1. The fact that the Armenian massacres were mostly carried out by Kurds has no bearing on the question of whether they count as genocide.

2. Earlier in the thread I said that I would accept the term "genocide" to describe those massacres, so long as the same term is used to describe the massacres of Poles, Irish, Sioux, Tasmanians and so on. By this definition history shows thousands of genocides.

3. Of course the modern Turkish republic cannot be blamed for actions carried out a century ago under the direction of the multi-ethnic Ottoman Empire.
the question is whether the massacres meet the internationally accepted definition of genocide adopted by the united nations in 1948. perhaps you could identify where you feel it falls short of that definition.
 
the question is whether the massacres meet the internationally accepted definition of genocide adopted by the united nations in 1948. perhaps you could identify where you feel it falls short of that definition.

Already done so, several times, at great length, a few pages back.
 
then you'll have no trouble either identifying the posts or reprising the answer

Posts 583 through 791, inclusive.

The answer is complicated.
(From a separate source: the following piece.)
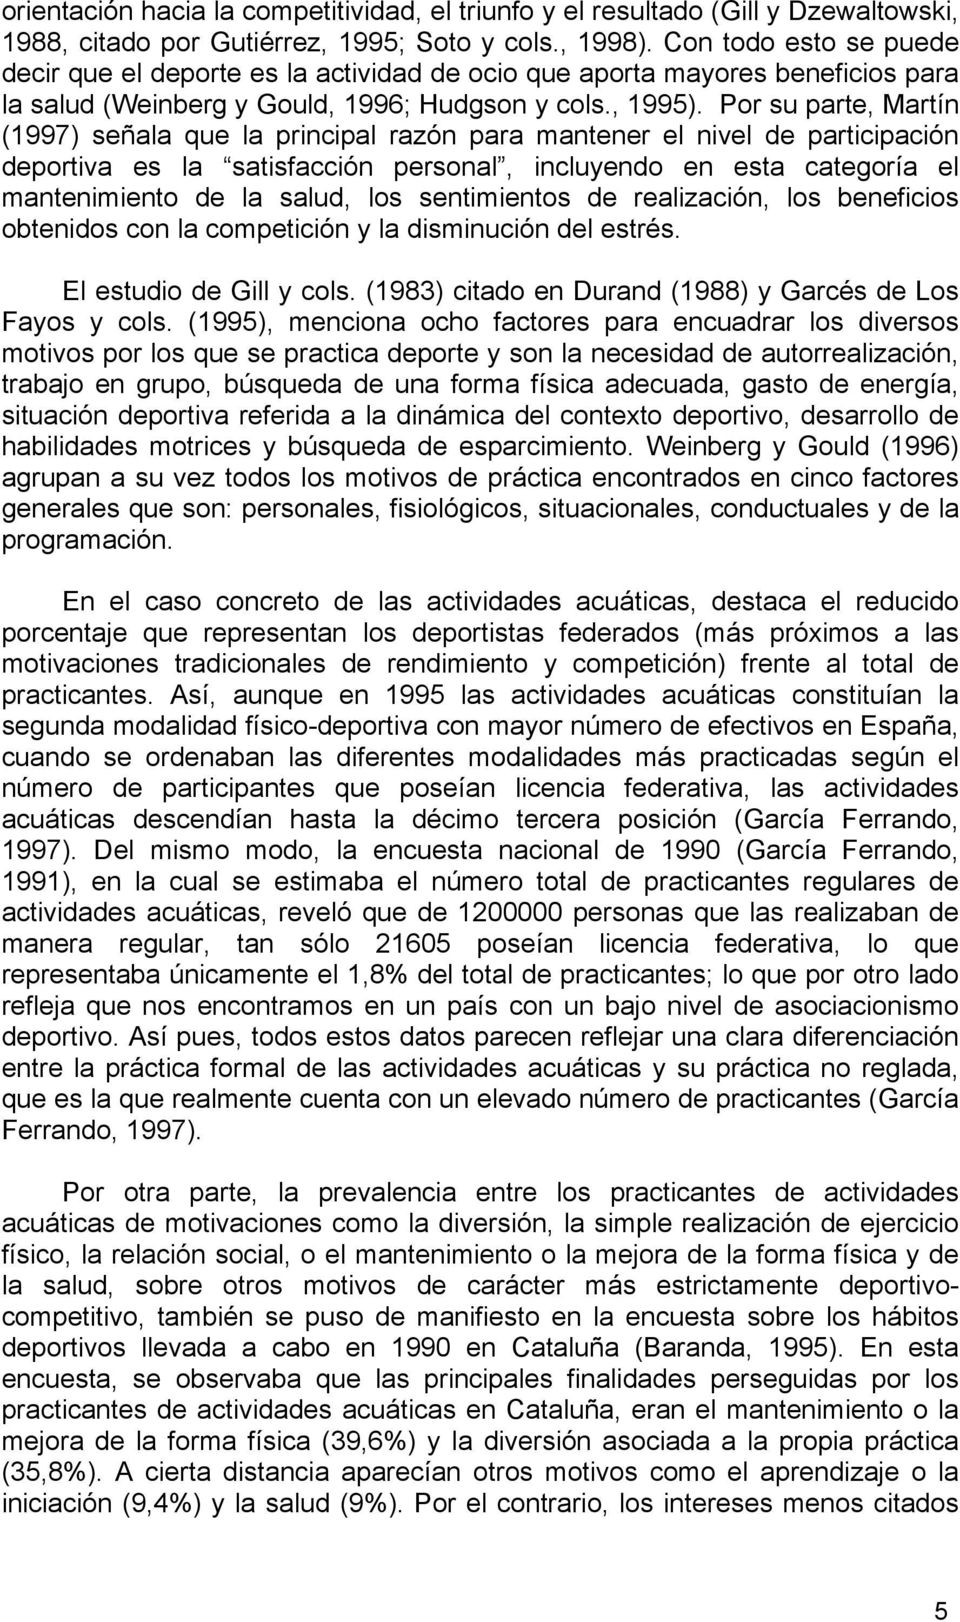 Por su parte, Martín (1997) señala que la principal razón para mantener el nivel de participación deportiva es la satisfacción personal, incluyendo en esta categoría el mantenimiento de la salud, los
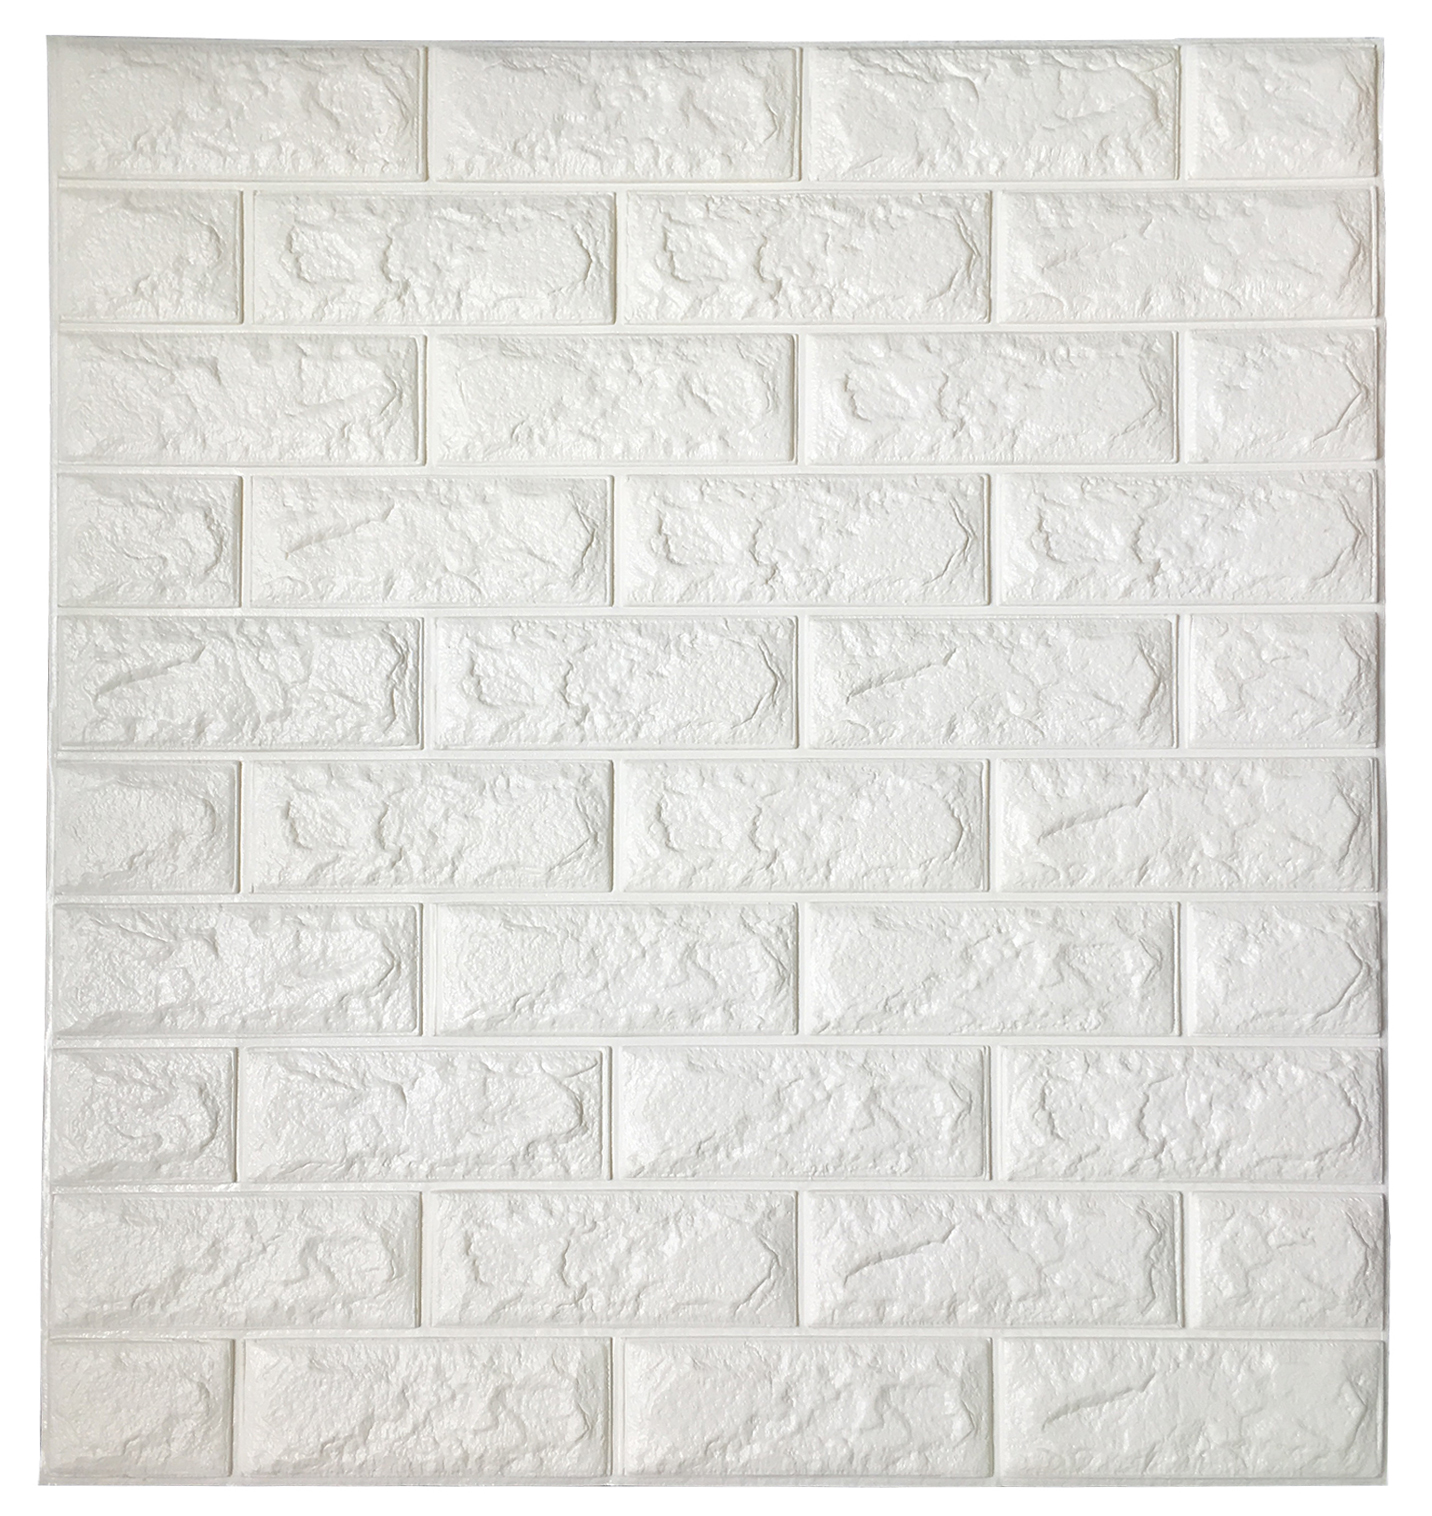 A06003 Peel & Stick Wallpaper Brick Design 8 Sheets 47 Sq.Ft

But in a virtually unprecedented display of U75 logic, everyone finally managed to agree on it. Except you it would seem.
 
A Russian friend who is Koryo-saram was born in Tashkent. Her grandparents were deported with the entire Soviet Korean population to the Central Asian republics of Uzbekistan and Kazakhstan from the Russian Far East for fear of collaborating with the Japanese in Manchuria.

The Soviet government's treatment of certain populations or national groups as a whole was devastating from the point of view of the Stalinists, as it was it bound up in the Stalinist conception of socialism itself.

I know you don't think this, but it's unwise to think of the 1930s terror as just 'the purges,' as in the removal of Communist Party members and important people from government institutions, or to see it as just a cynical reorganisation of the bureaucracy by Stalin, as it focuses on the terror only partially. The three state security 'mass operations' affected a huge number of other people.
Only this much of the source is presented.